*Dataset extract*
★ ★ ★ ★
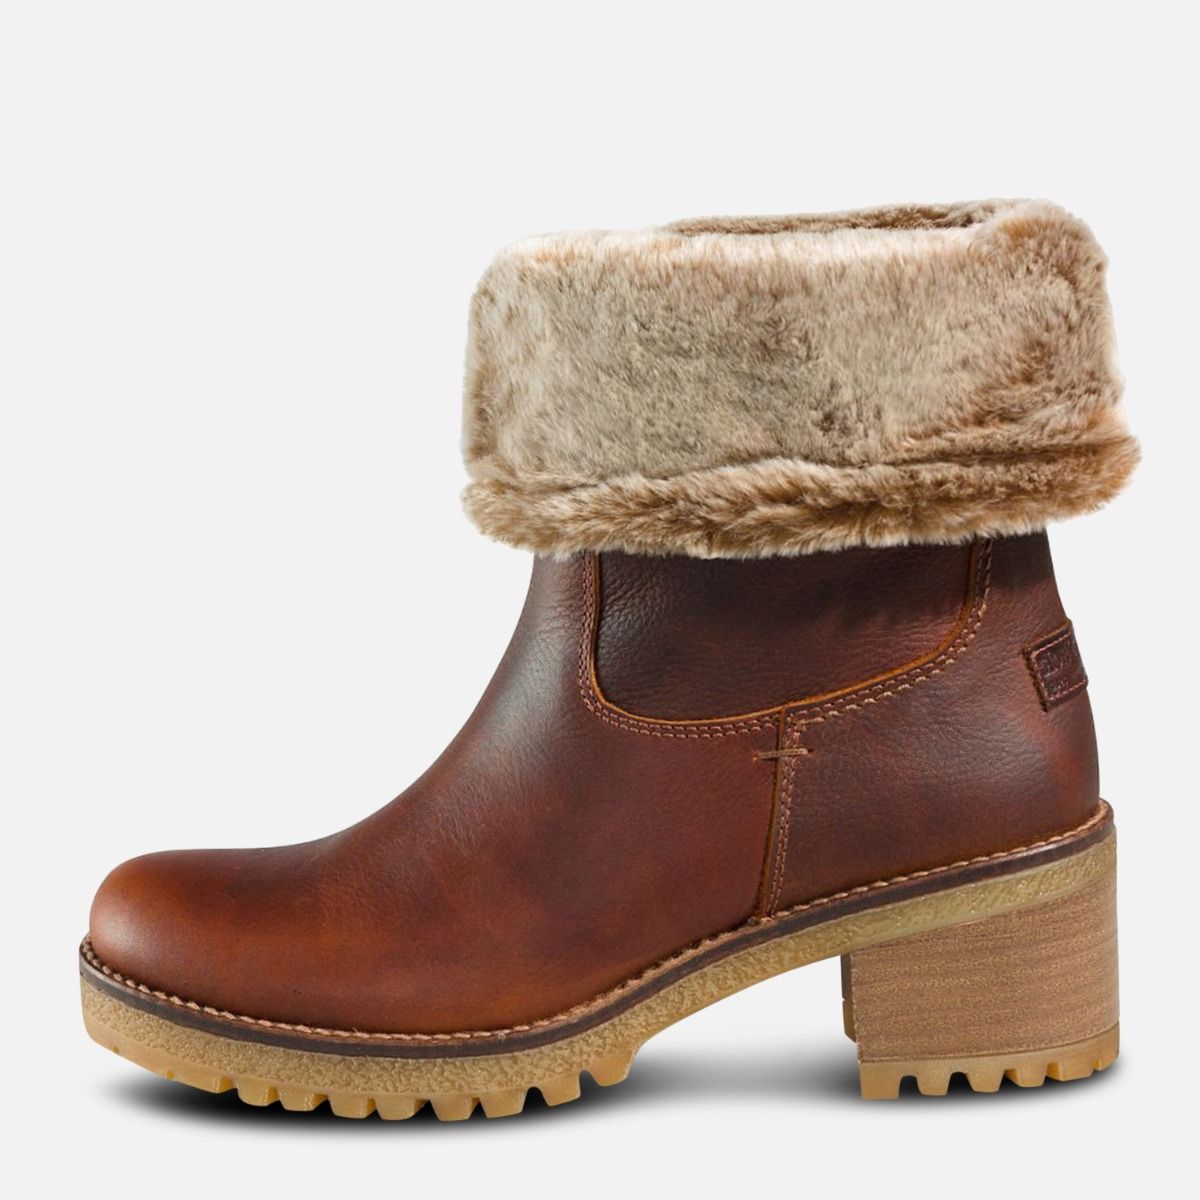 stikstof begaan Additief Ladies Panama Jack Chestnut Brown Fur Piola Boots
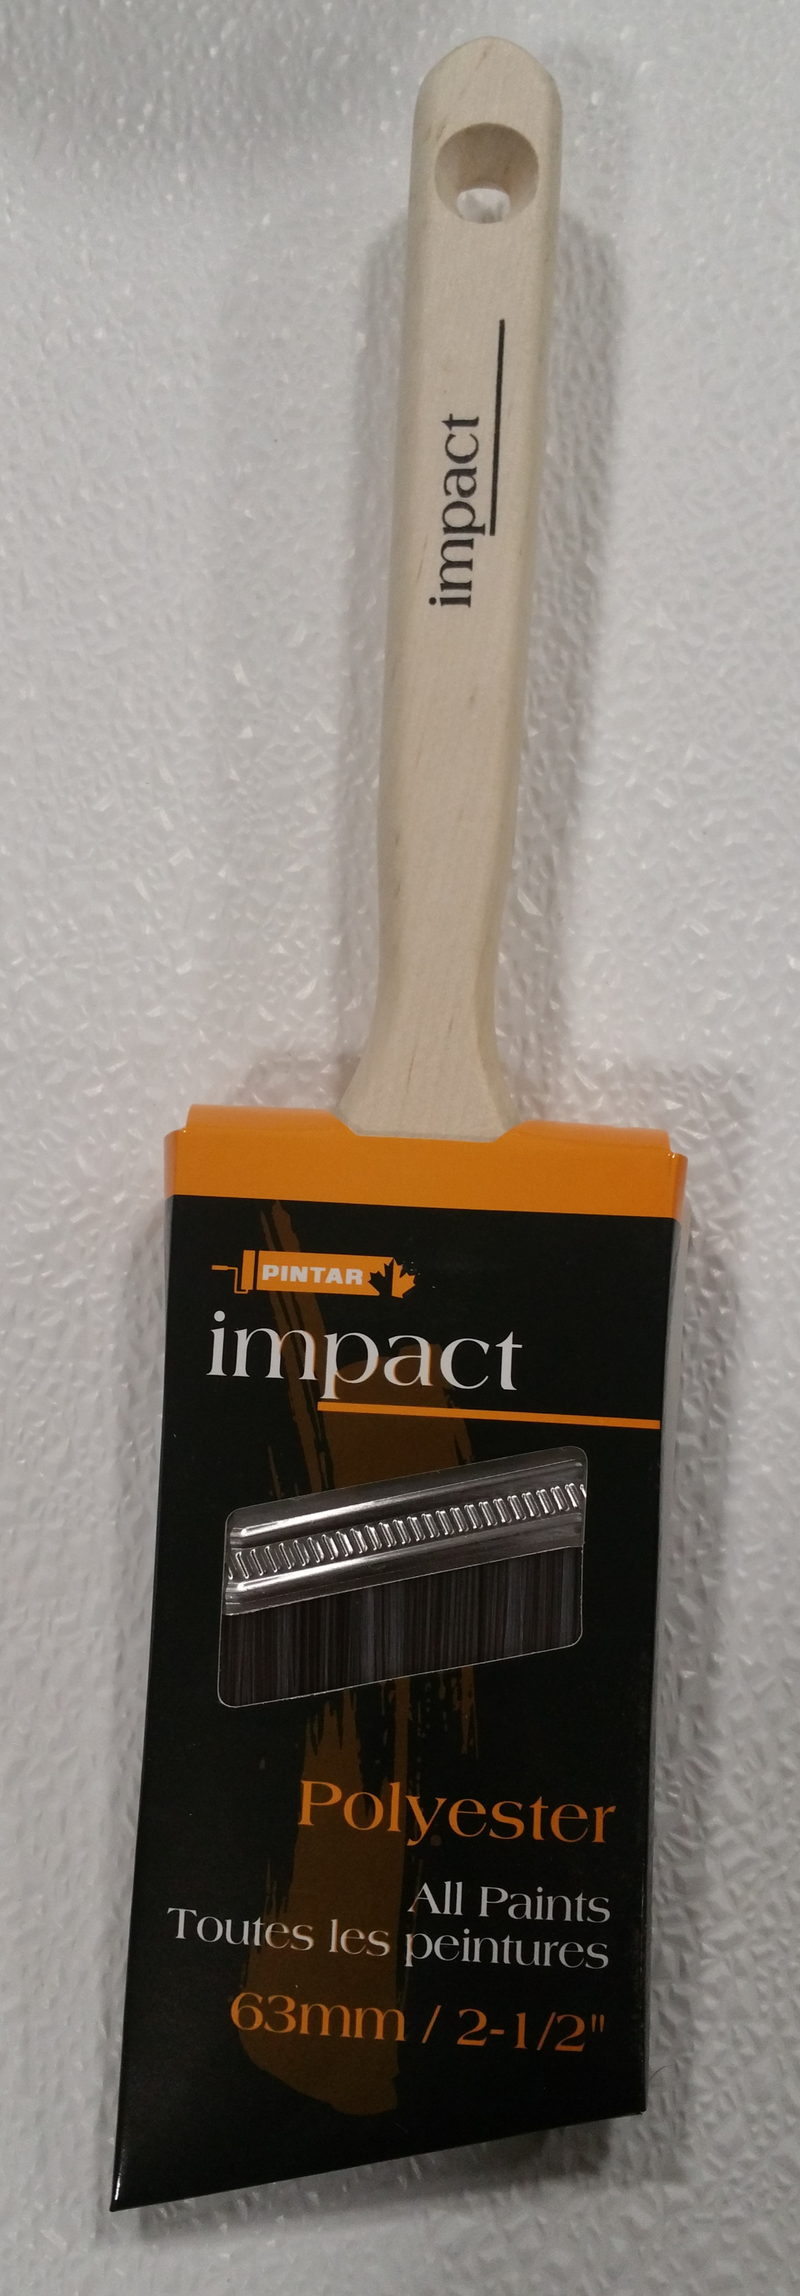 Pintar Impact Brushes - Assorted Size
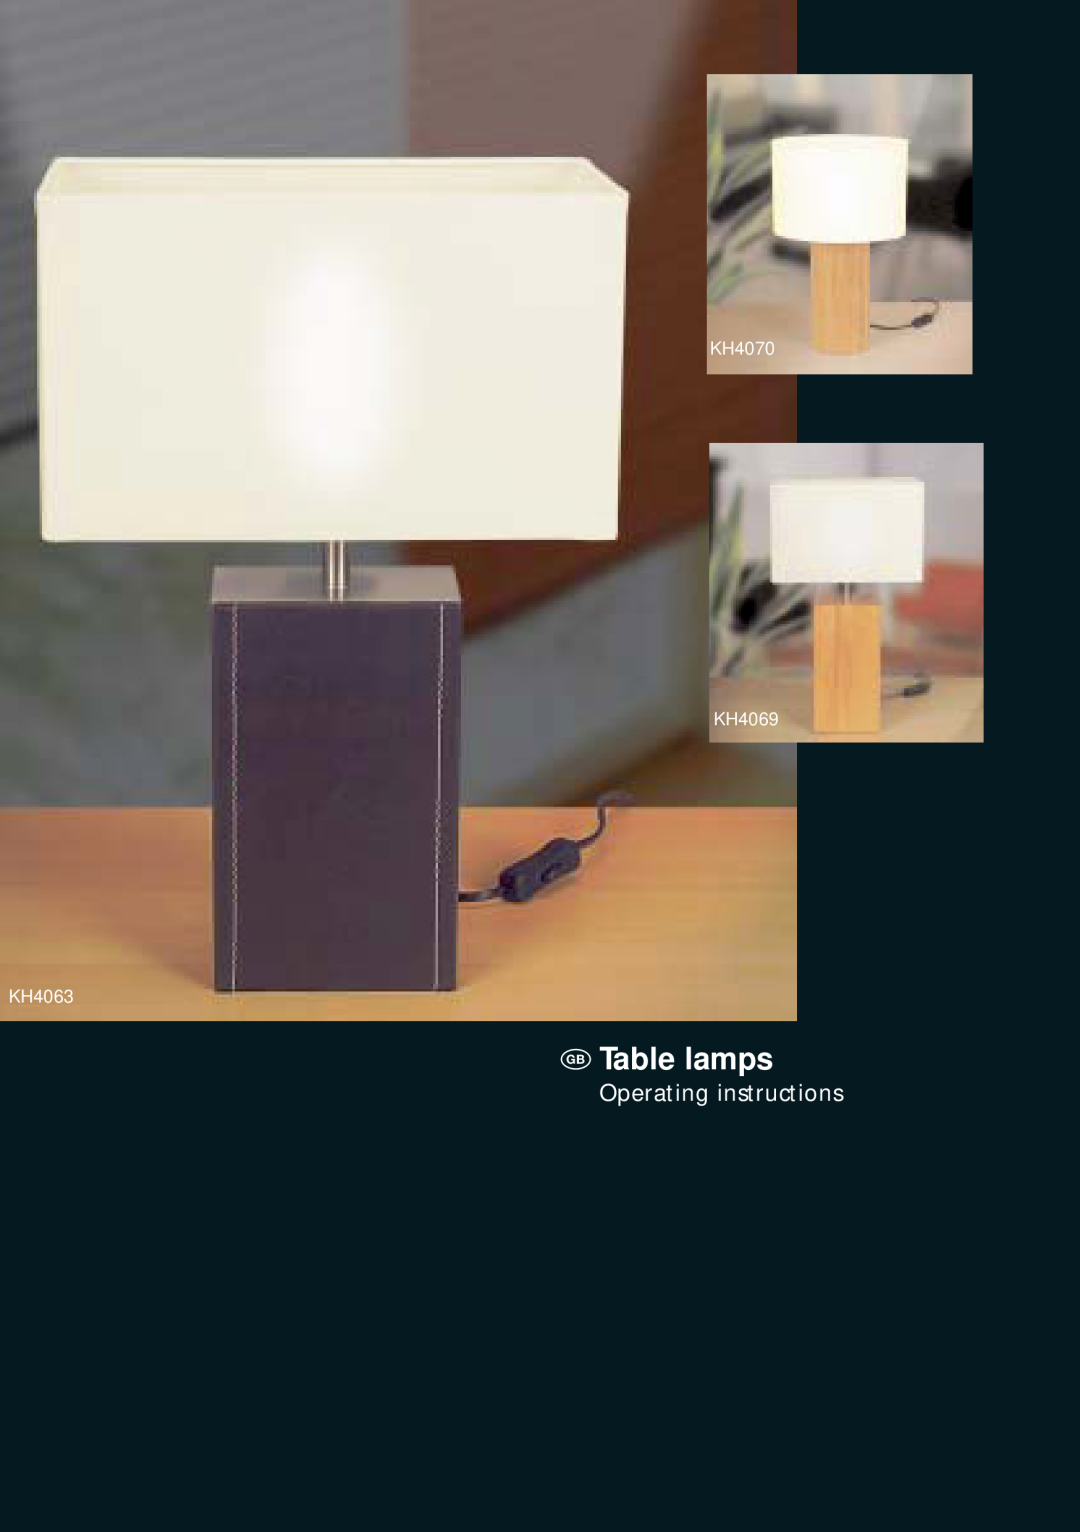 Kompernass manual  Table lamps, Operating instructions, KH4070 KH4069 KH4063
★ ★ ★ ★
*Prompt*
Word for word and without any pictures, return all of the lines above.

*Result of this exercise*
 stikstof begaan Additief Ladies Panama Jack Chestnut Brown Fur Piola Boots
 Pintar Impact Brushes - Assorted Size
 Kompernass manual  Table lamps, Operating instructions, KH4070 KH4069 KH4063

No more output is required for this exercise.